Quant au terme « homosexuel », il intervient le plus souvent dans les jugements des personnages sur la Folle d’en face. C’est Pinochet d’abord qui l’apercevant de loin avec Carlos s’exclame :

C’étaient des homosexuels, un couple d’homosexuels. (p. 46)

Eran homosexuales, mujer, dos homosexuales. (p. 48)

Ce sont encore des commères, ses voisines, qui le désignent ainsi :

J’ai vu cet homosexuel ouvrir la porte à tous ces garçons après le couvre-feu. (p. 157)

Yo vi a ese homosexual cuando les abría la puerta en el toque de queda a tantos muchachos. (p. 180)

Les injures nécessitent davantage de flexibilité de la part de la traductrice.
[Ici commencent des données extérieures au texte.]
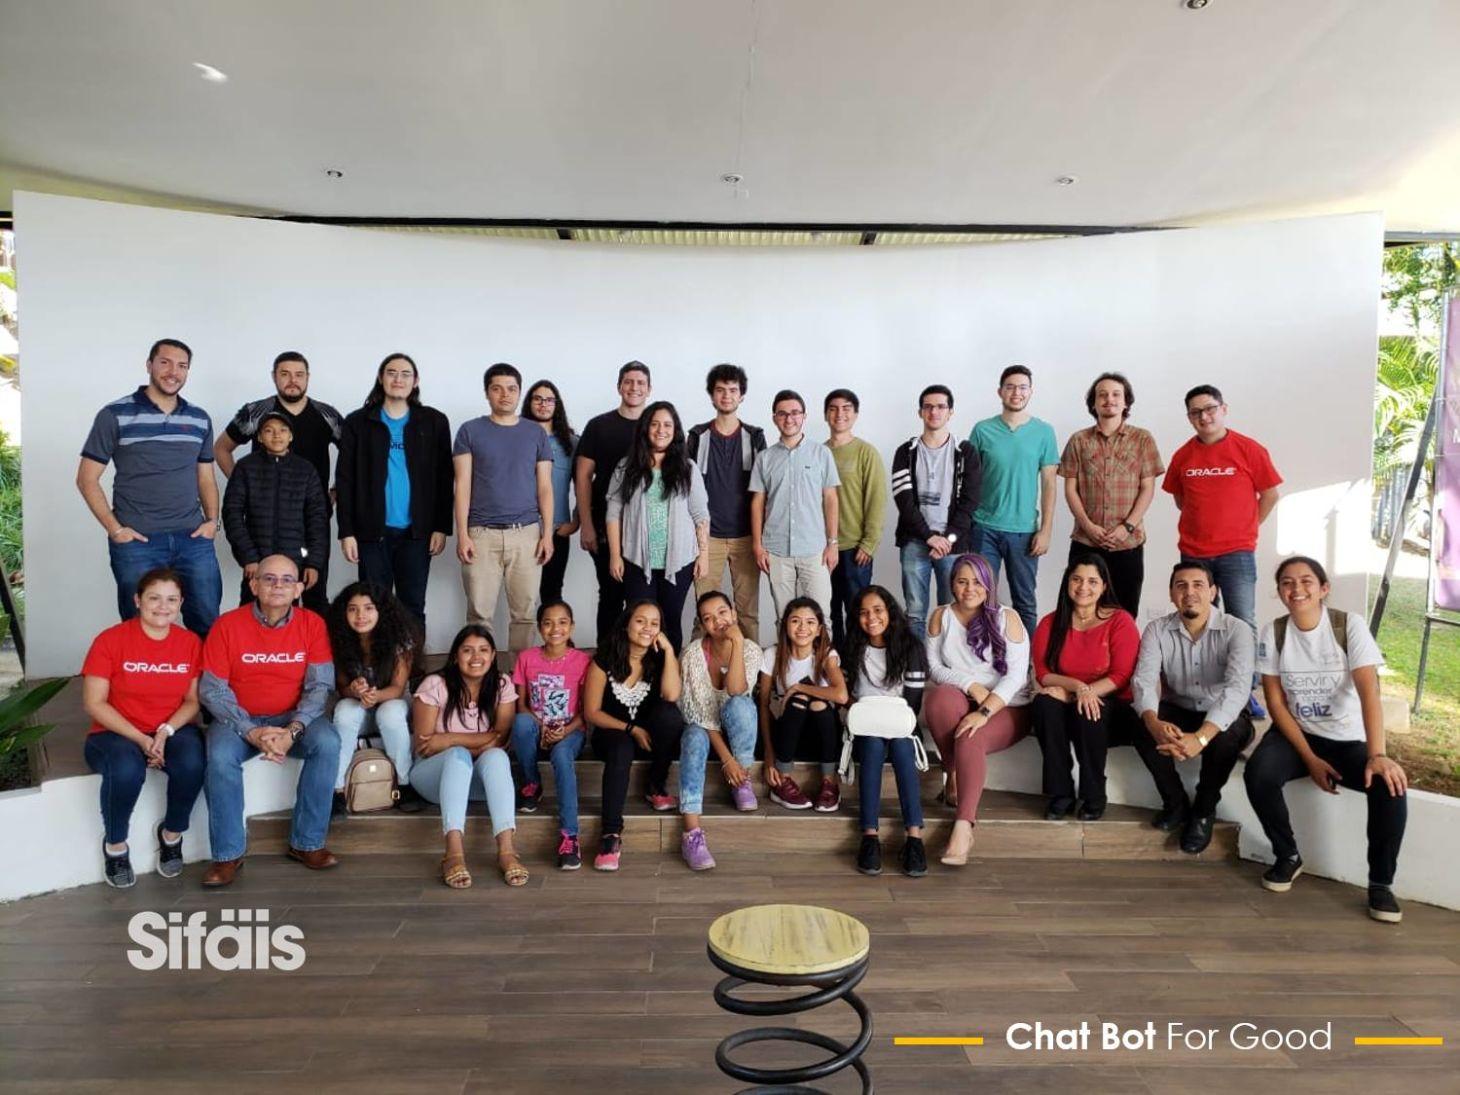 Estudiantes crean Chatbot para solucionar problemas identificados por jóvenes de La Carpio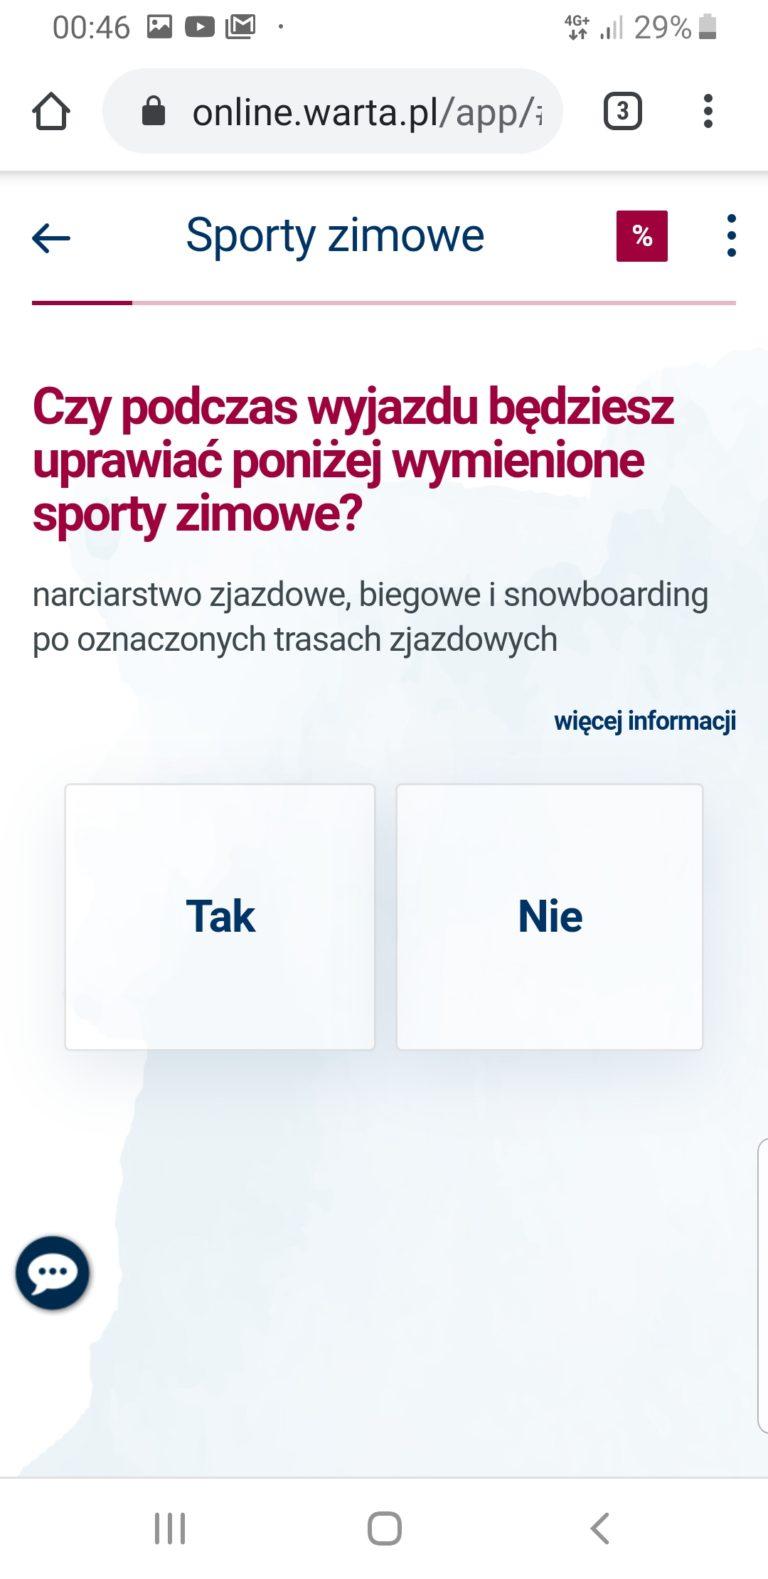 ubezpieczenie na narty za granicą warta travel online - zimowe sporty uprawiane amatorsko

Elles proviennent souvent d’un détournement lexical ou d’un usage argotique. Chez Lemebel, l’insulte sert à désigner le personnage. L’enjeu est celui d’une réappropriation. La Folle resignifie l’injure. Dès lors, la nomination, d’abord stigmatisante, se fait encapacitante. A ce jeu, le mot « maricón » est le grand gagnant. Alexandra Carrasco le traduit au choix par « pédé » ou « tapette », comme dans cette accumulation qui scande l’injure pour mieux manifester le passage de la honte à l’orgueil, du stigmate à l’identité encapacitante :

… pédé solitaire, pédé assoiffé de « baisers sorciers », pédé drogué par le toucher imaginaire, d’une main cerf-volant effleurant le ciel trouble de la chair, pédé infiniment prisonnier de sa cage de lépreuse tapette, pédé rococo attrapé dans sa mélancolique toile d’araignée de frisettes et d’artifices, pédé chichiteux, emmêlé, pris dans les fils de sa propre trame. (p. 37)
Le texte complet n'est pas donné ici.